» **Supplied data**:
|---|
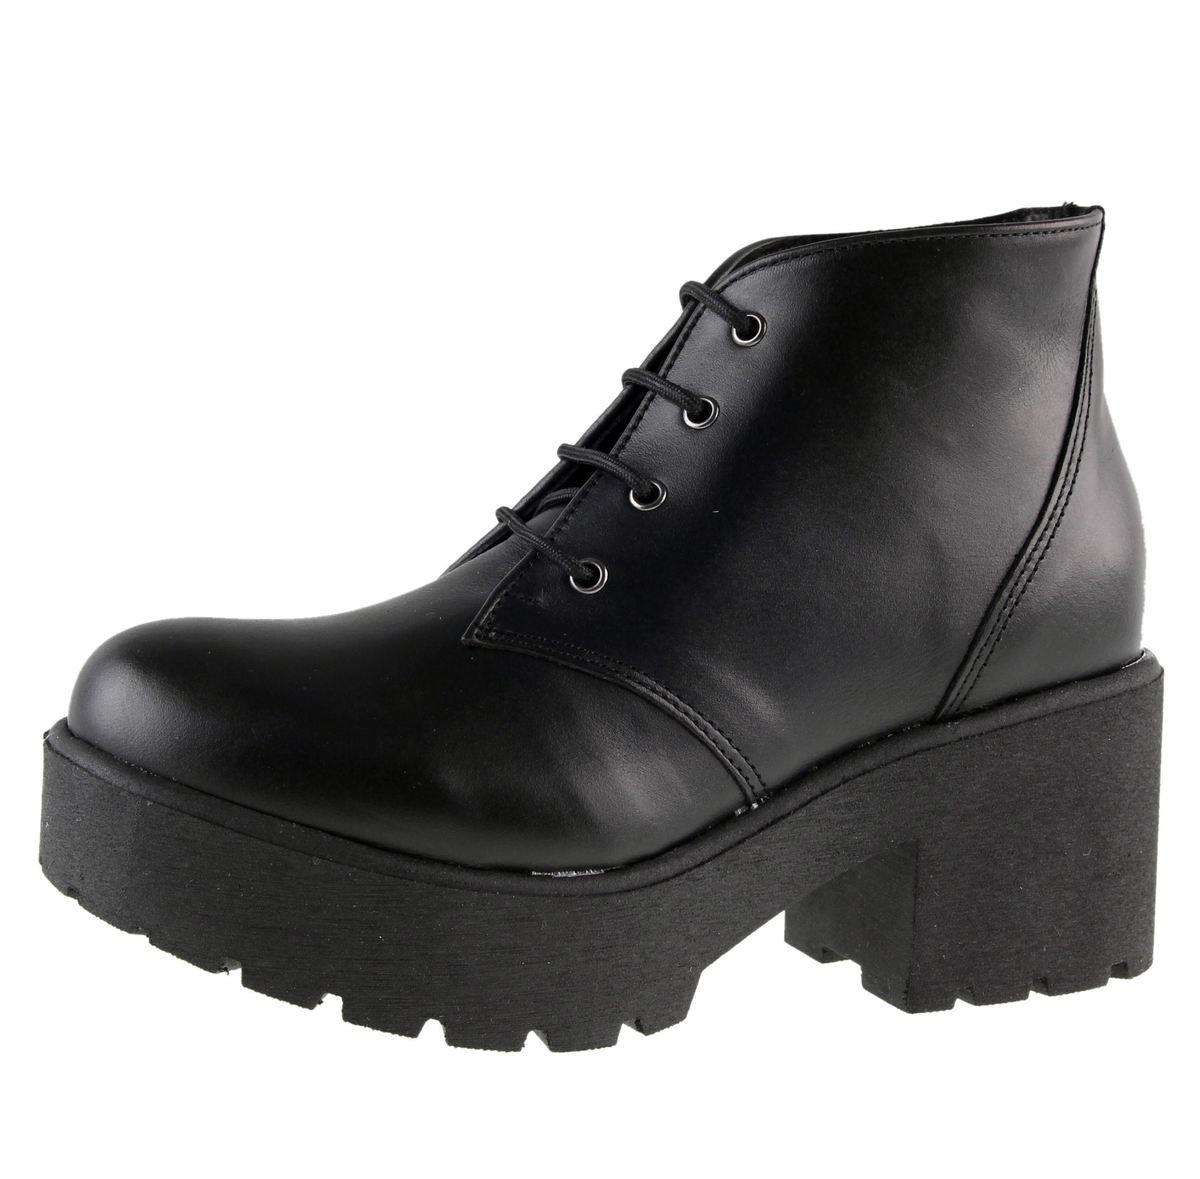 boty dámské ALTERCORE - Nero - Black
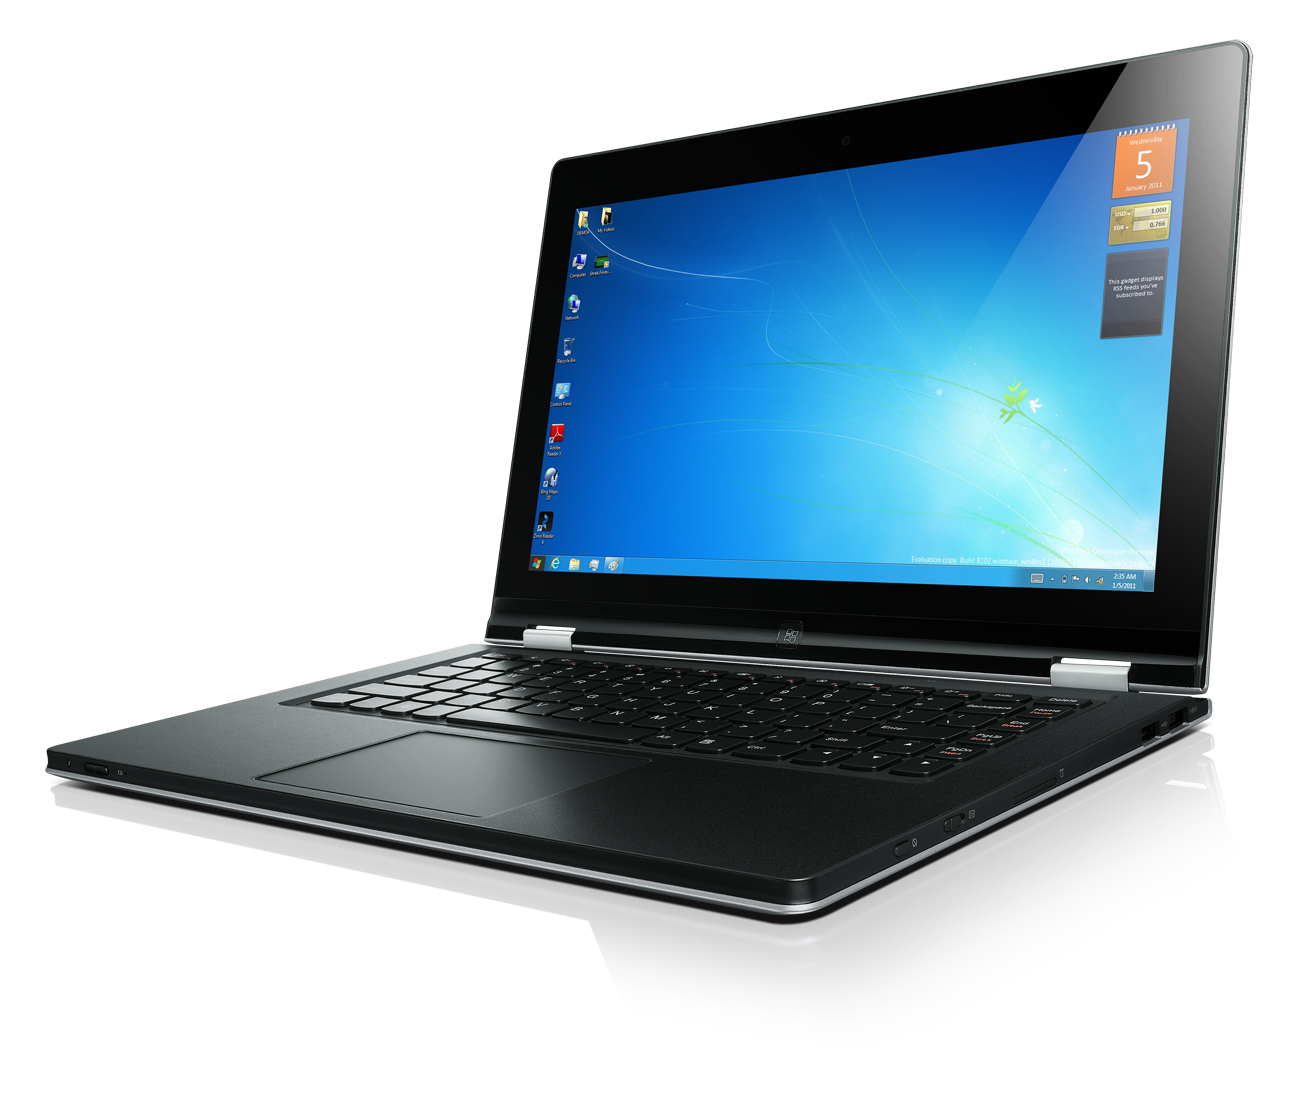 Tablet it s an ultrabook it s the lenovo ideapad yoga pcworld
|---|
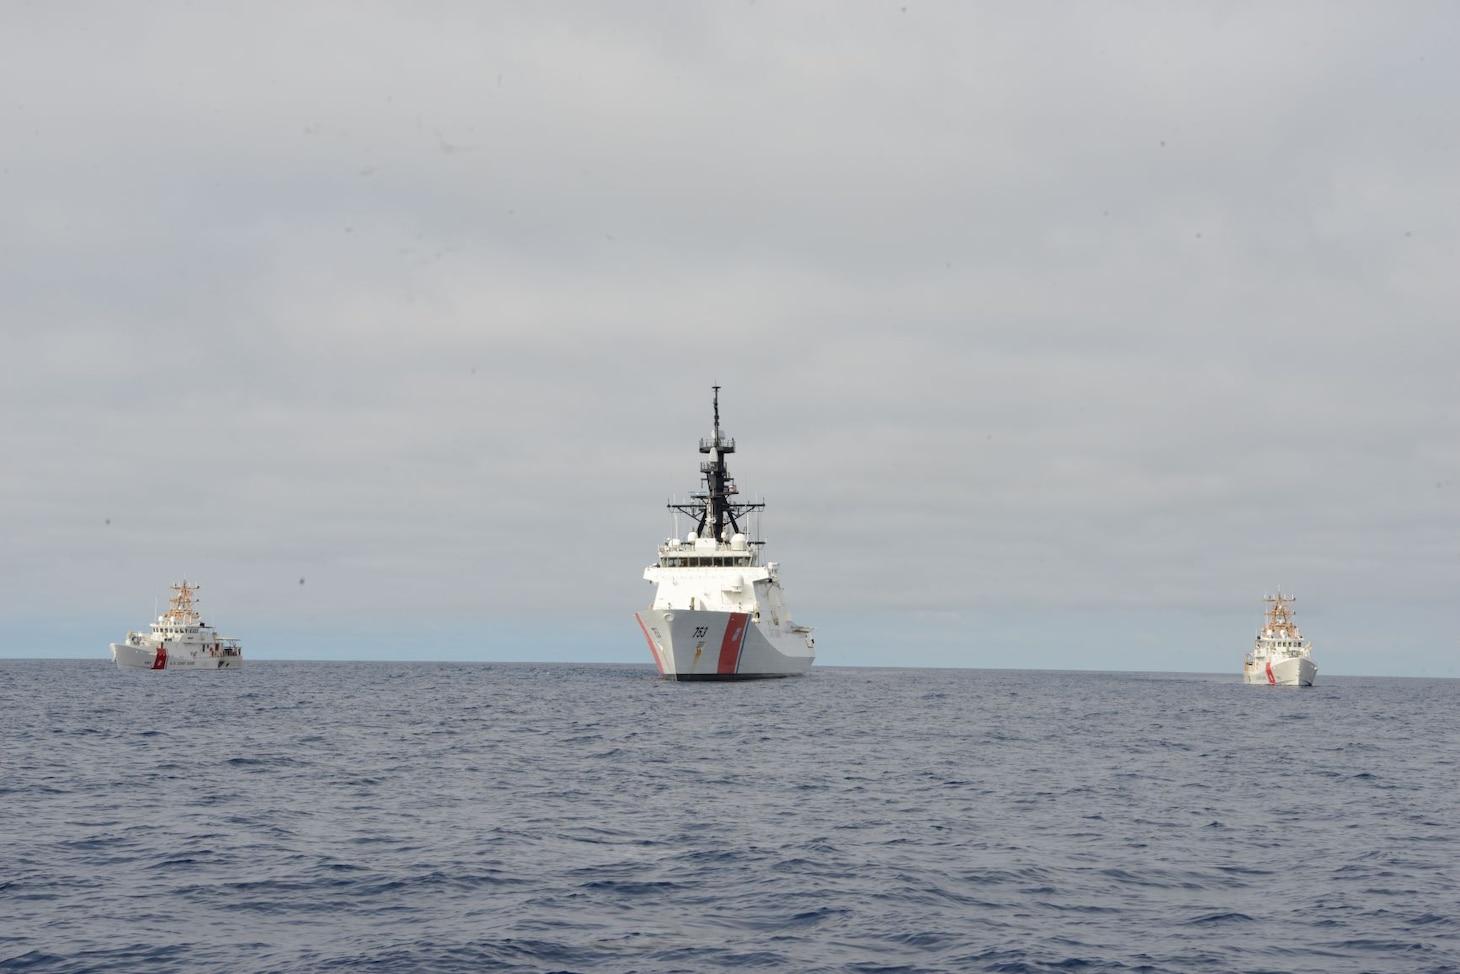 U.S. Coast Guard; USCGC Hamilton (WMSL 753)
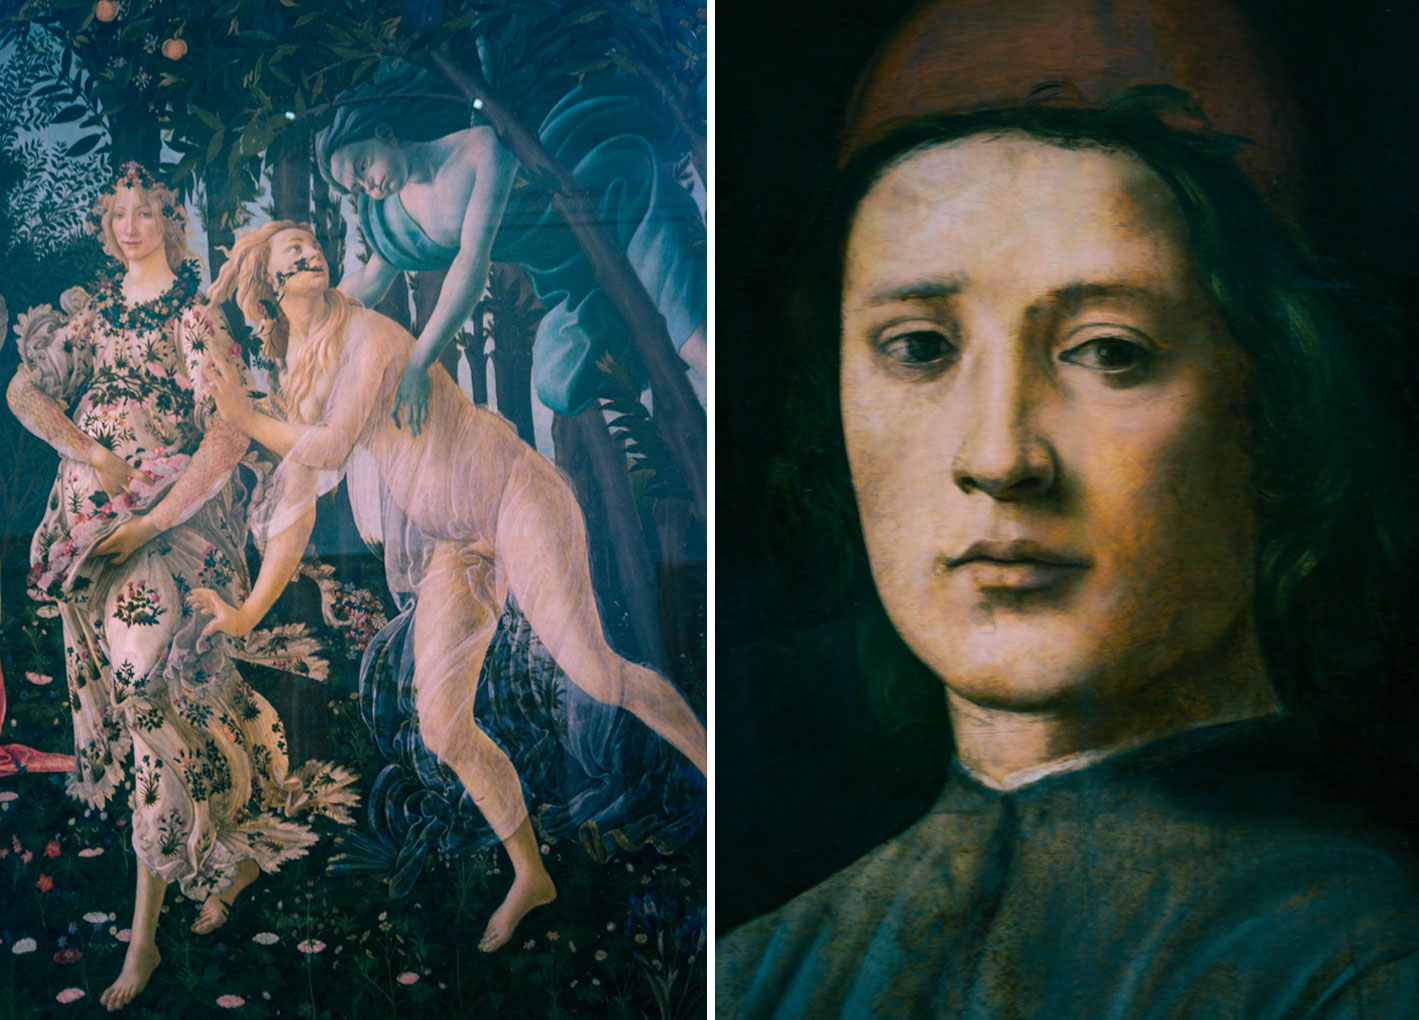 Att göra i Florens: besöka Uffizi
|---|
» **Problem to work on**:
The answer must be the lines above from the one containing "boty dámské ALTERCORE - Nero - Black" through the one containing "Tablet it s", reproduced exactly, with no pictures and nothing else.

» **Task solution**:
 boty dámské ALTERCORE - Nero - Black
 Tablet it s an ultrabook it s the lenovo ideapad yoga pcworld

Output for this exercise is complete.